Le titre de ce livre pourrait laisser croire que l’on se trouve en face d’un ouvrage de géologie académique, appliquée à un territoire relativement restreint, celui de Lyon. En fait, le descriptif des formations géologiques n’occupe qu’un tiers de l’ouvrage, les deux autres tiers étant consacrés à la géologie appliquée, au travers de plusieurs thèmes (eau, ouvrages souterrains,matériaux) mais aussi de l’histoire ou des acteurs impliqués.
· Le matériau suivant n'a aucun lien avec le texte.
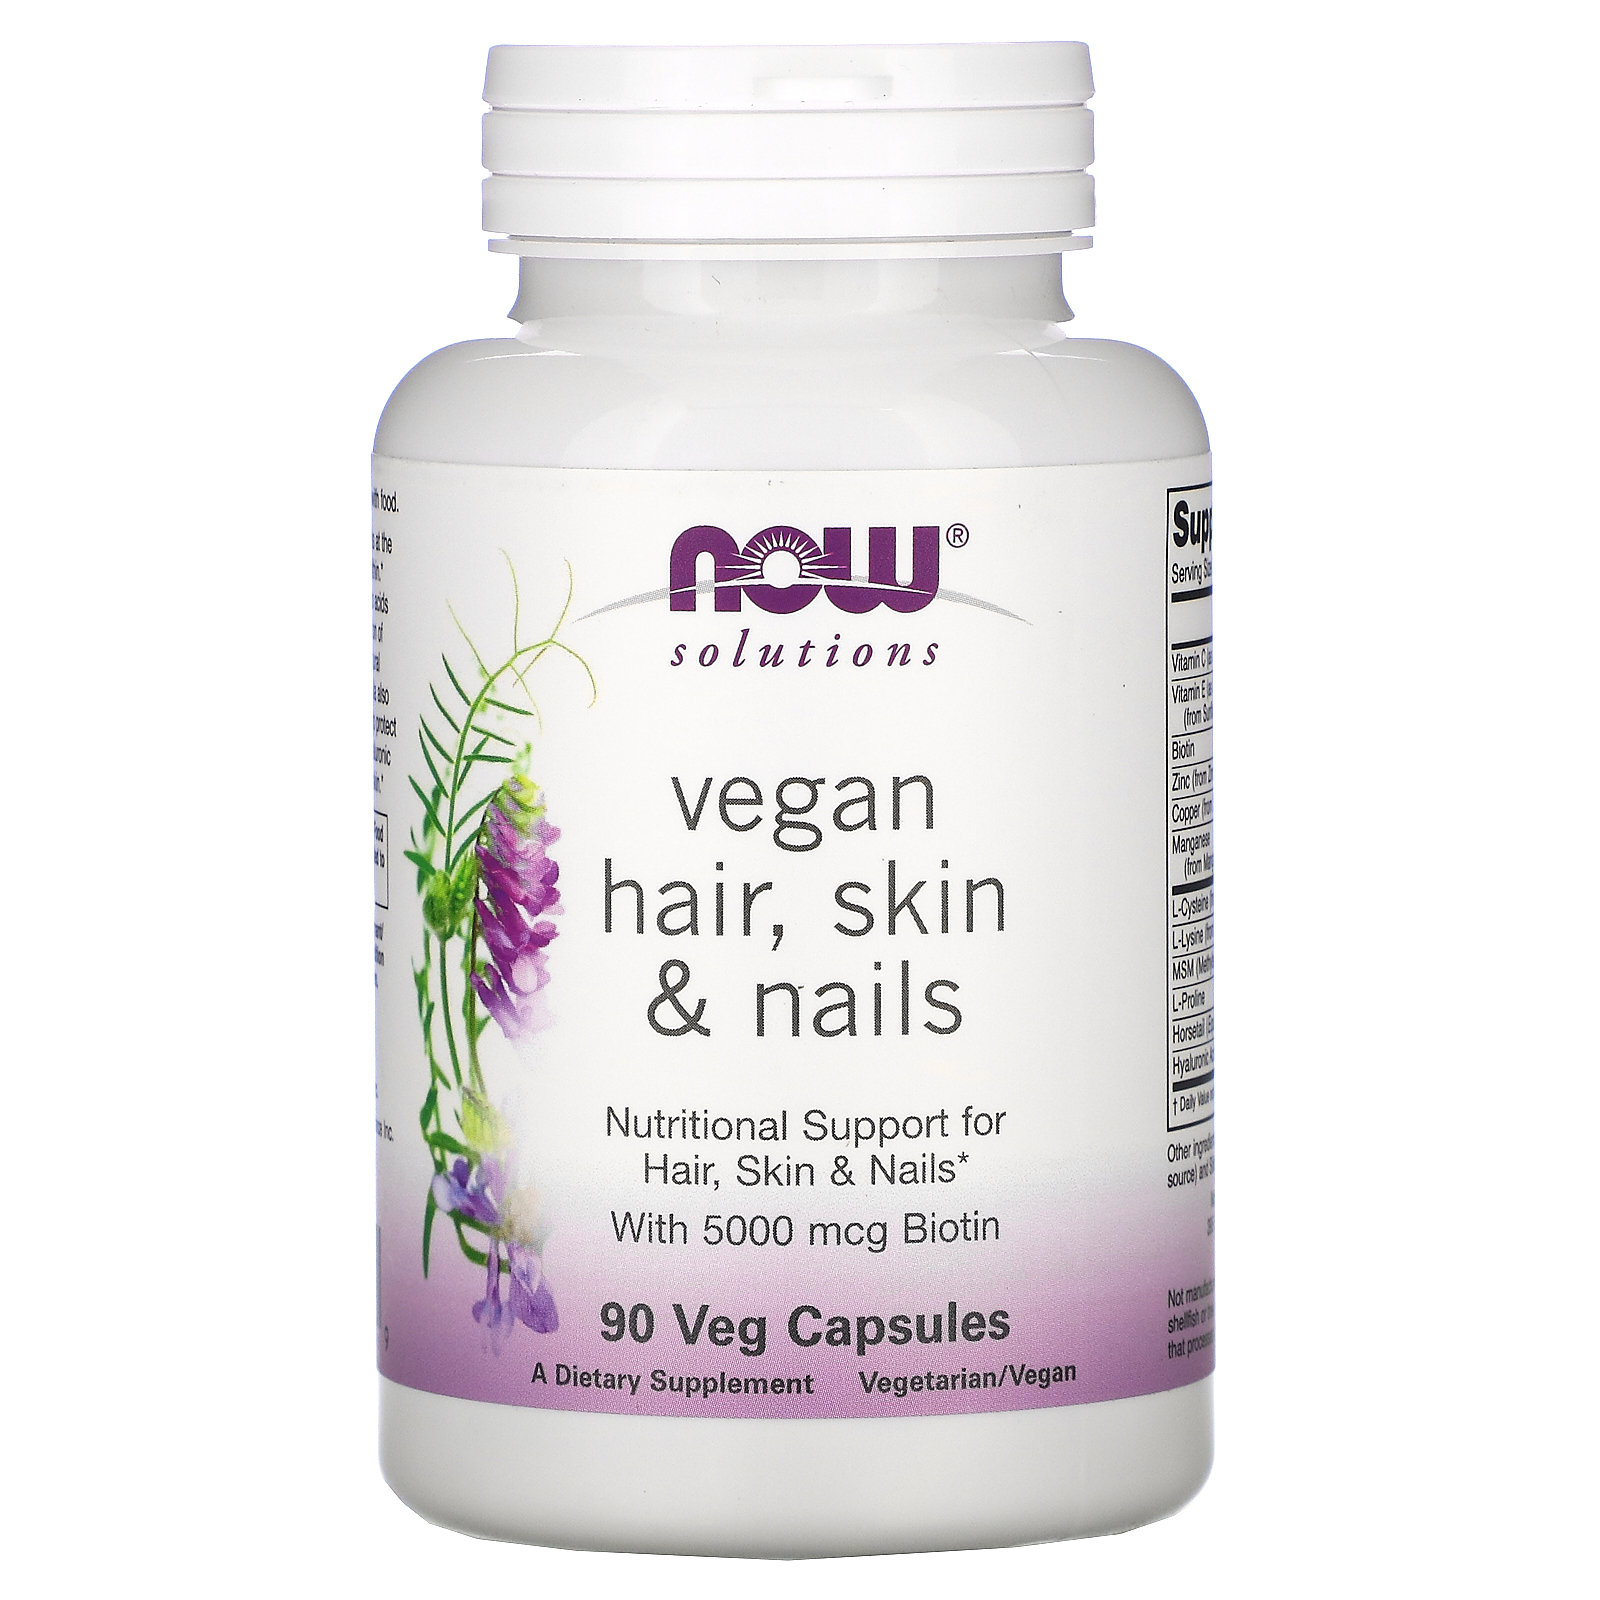 NOW SOLUTIONS VEGAN HAIR,SKIN & NAILS NUTRITIONAL SUPPORT – Unique Pharmacy

Le zoom sur la géologie de Lyon ne vient qu’à la suite de l’histoire géologique,notamment la création du fameux fossé d’effondrement rhodanien et la géologie avant et après le fossé, et une approche régionale qui reprend l’histoire géologique, mais aborde aussi la géologie économique (aquifères, minéralisations, combustibles fossiles). Avec la ville de Lyon, on fait un grand saut dans le temps géologique puisque d’un côté on trouve le socle cristallin et de l’autre les terrains du Tertiaire supérieur (Miocène et Pliocène), représentés par des formations marines (molasses)et fluviatiles, et du Quaternaire (moraines et lœss). Ces formations sont celles dans lesquelles les travaux souterrains se situent. À cet aperçu global sont jointes plusieurs coupes établies dans divers secteurs urbains : la plaine de Lyon et les collines de Fourvière et de la Croix Rousse.
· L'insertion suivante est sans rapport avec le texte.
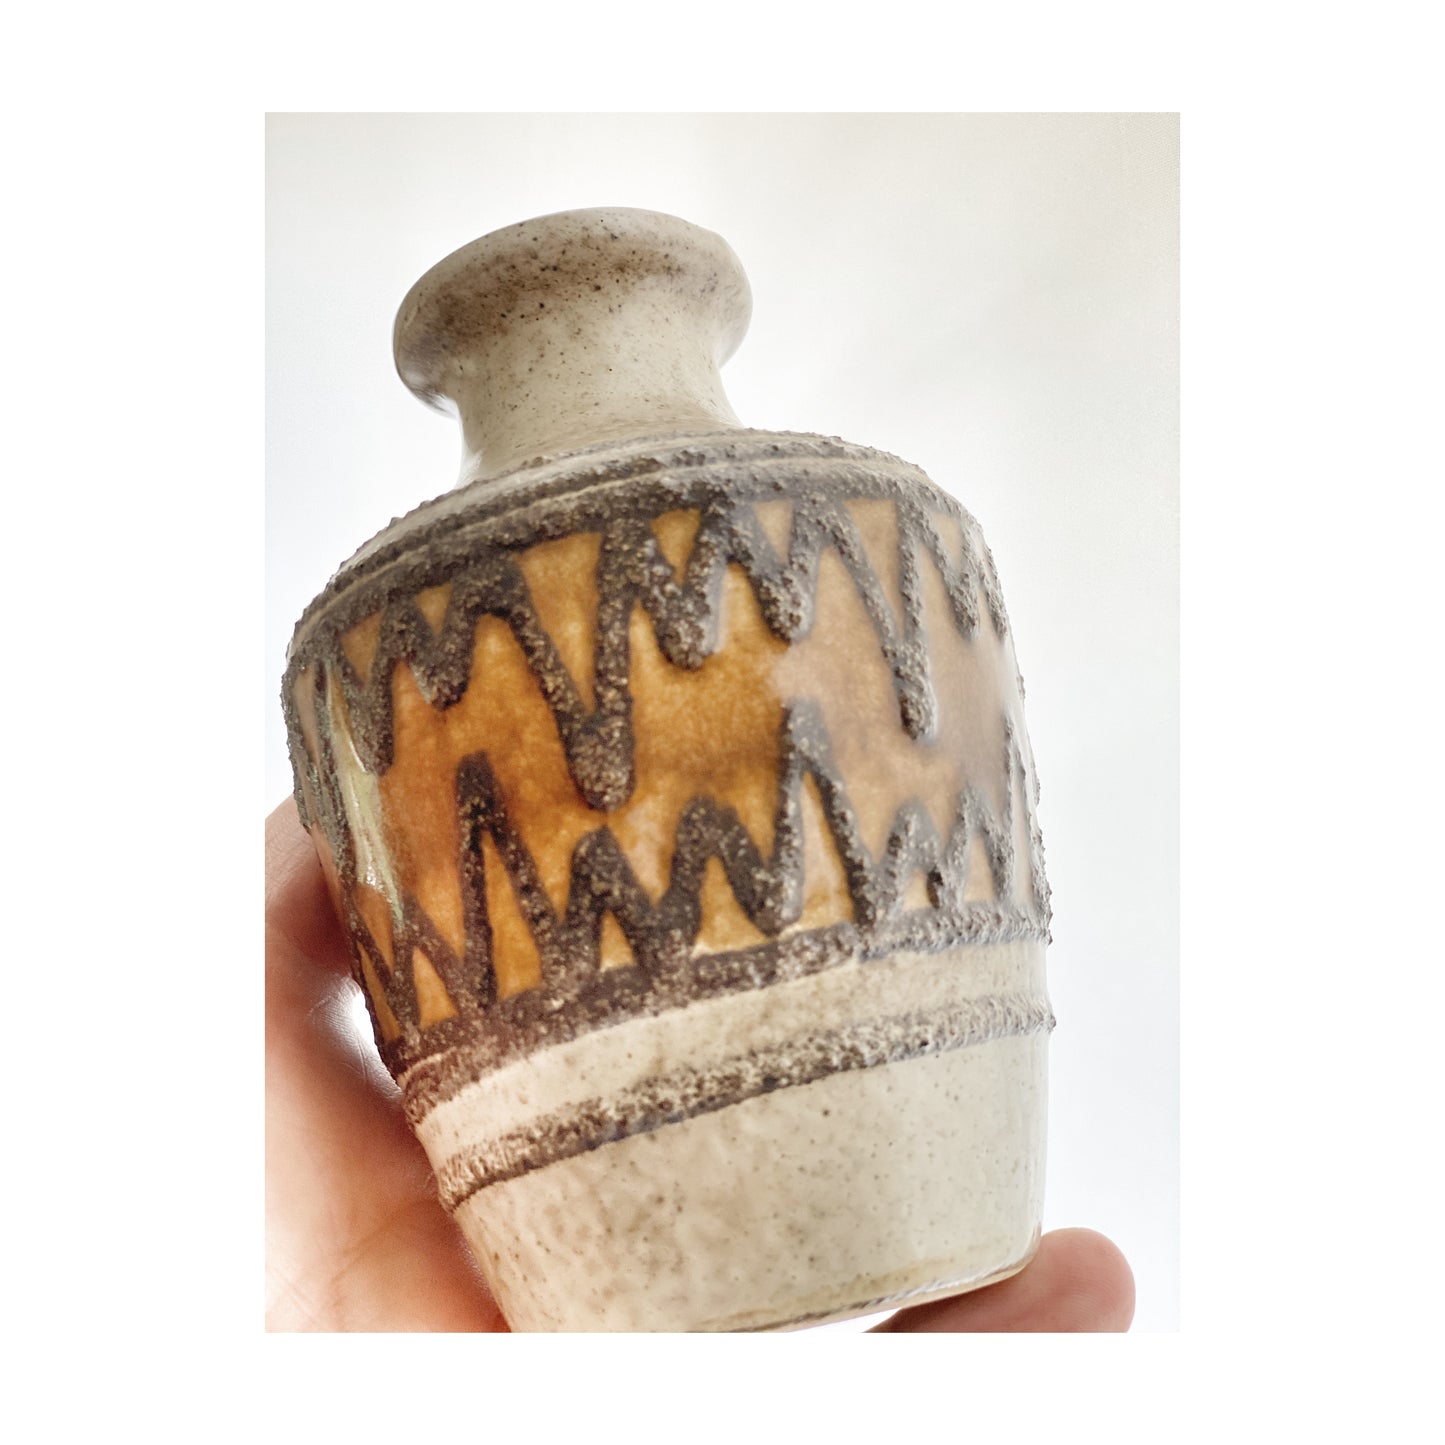 East German Ceramic Vase / Urn with Sgraffito *** -15% discount offer available

La partie appliquée de l’ouvrage apporte beaucoup d’informations à la fois sur l’hydrogéologie de la ville et sur les problèmes que rencontrent les ouvrages souterrains. L’alimentation en eau de l’agglomération lyonnaise relève principalement des aquifères alluviaux, essentiellement celui des alluvions du Rhône au nord-est de la ville. En raison de la distribution des perméabilités et des débits très variables, l’aquifère molassique ne constitue pas la ressource que l’on pourrait espérer. Mais l’eau, ce sont aussi les infiltrations,les écoulements dans les galeries creusées dans les collines (loin d’être toutes connues)et les écoulements diffus, dont peuvent résulter des mouvements de terrain dont les principaux sont évoqués dans l’ouvrage : 1930 (qui a entraîné la création de la 1ère Commission des Balmes, la seconde ayant vu le jour en 1951), 1932, 1935, 1977, 1981, 1983. La prévention, notamment l’entretien des quelque 40 km de galeries souterraines par la Communauté urbaine de Lyon et le suivi régulier des nouvelles découvertes, s’efforce de minimiser les risques de mouvements de terrain. Les grands travaux (tunnels de métro,parkings…) fournissent aussi beaucoup d’informations sur le sous-sol lyonnais et les coupes géologiques sont nombreuses dans ce livre, tirées de ces travaux. Le dernier chapitre propose un aperçu sur les matériaux naturels utilisés dans la construction à Lyon à travers le temps, depuis la période romaine jusqu’au XXe siècle. Une abondante bibliographie complète l’information fournie.

Au final, l’ouvrage de N. Mongereau propose une lecture très pédagogique de la géologie lyonnaise, ancrée dans la réalité de tous les problèmes concrets auxquels l’aménagement urbain est confronté, notamment en matière d’ouvrages souterrains. Le regroupement, sous un petit volume illustré de nombreuses coupes, d’une information ouvrage souterrain par ouvrage souterrain, est certainement de nature à susciter l’intérêt d’un large public, bien au-delà des seuls spécialistes ou décideurs du domaine concerné.